We talked often, very often, in her therapy, about fairness. Why had these terrible things happened to her? We talked about being ‘good’ a lot, too, and she came to realize that from childhood on, she had believed that if she was just ‘good enough,’ good things would come to her.

And finally, in working with patients of her own, she got to pass on her hard-earned wisdom – that goodness, in itself, is no guarantee of happiness, or safety, or satisfaction, and that, as the teacher in Peyton Place quoted above states, you have to take action in the world to get the things you want and need.
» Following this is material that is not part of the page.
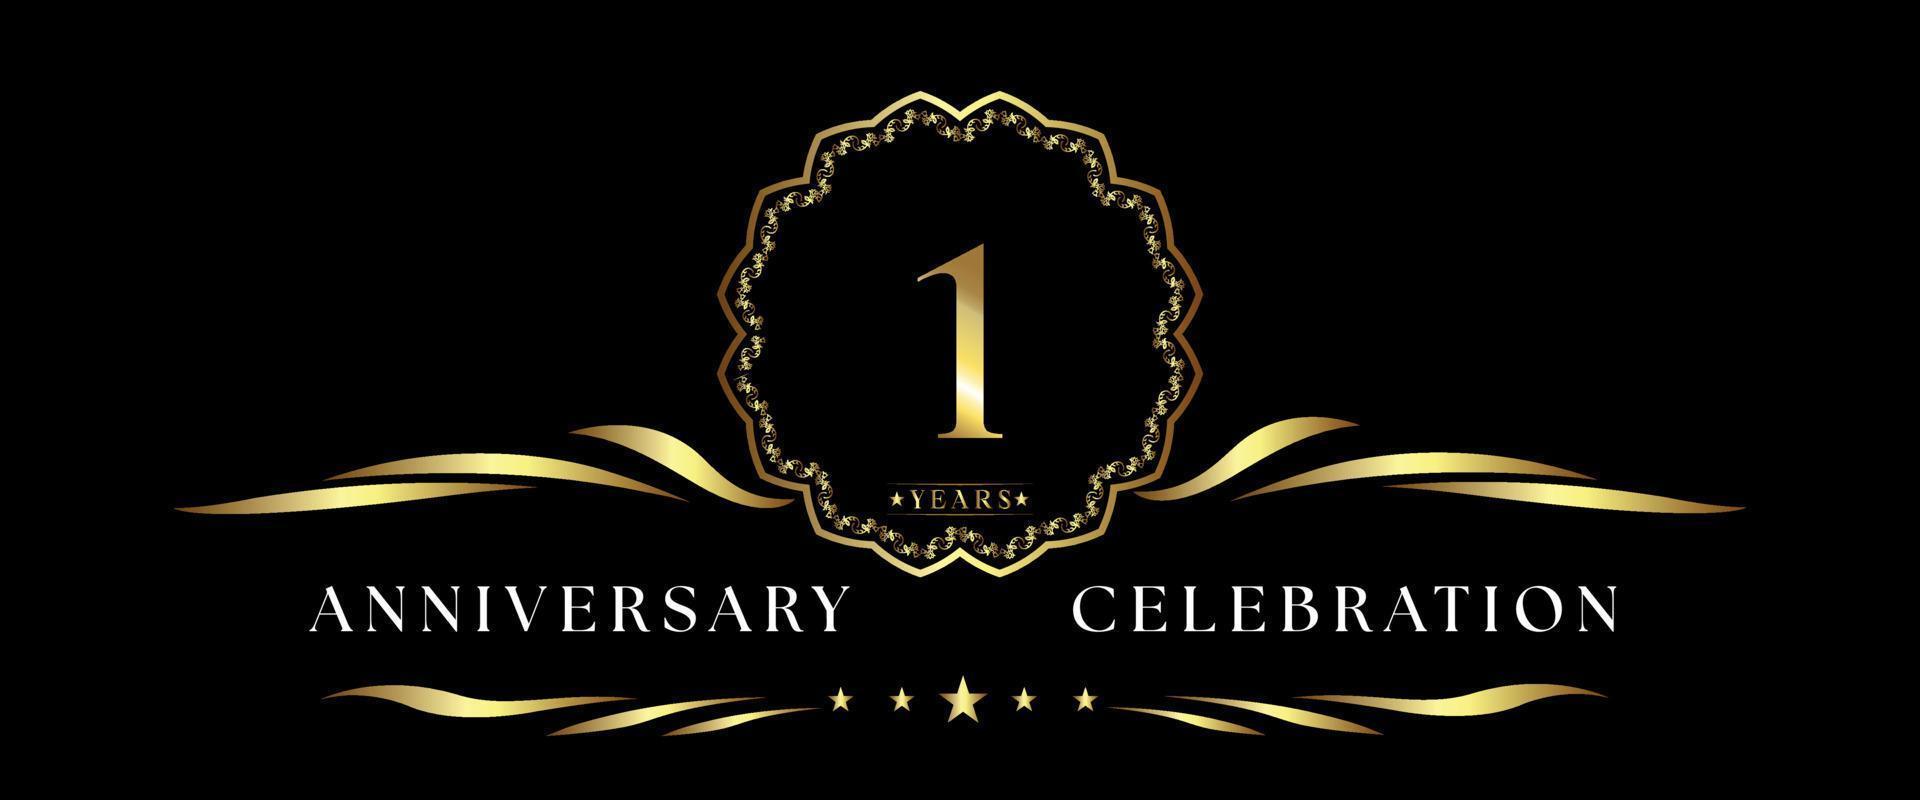 Celebración del aniversario de 1 año con marco decorativo dorado aislado en fondo negro. diseño vectorial para tarjetas de felicitación, fiesta de cumpleaños, boda, fiesta de eventos, ceremonia. Logotipo de aniversario de 1 año. vector

Therefore, this blog posting is dedicated to the memory of Betty The Good, who did finally, take action and, for a while, got some of the things from life that she longed for. And of course, for me the ultimate irony is that it was Betty The Good, of all people, who ended up dying far before her time.

We often said that the last part of her life, when she finally got to be a therapist and ‘strut her stuff’ in the world, was going to be the greatest time of her life.

Better late than never, we said.

Well, it didn’t end up that way for Betty, but now, whenever I talk with someone about ‘goodness’ and their expectations of a reward, I think of Betty and hope she knows how much she taught me, and that her life and learning is still being put to good use by someone who revered her.

And so, my dear, your race well run, your work well done, your victory won – now cometh rest.

This one’s for you, Betty . . .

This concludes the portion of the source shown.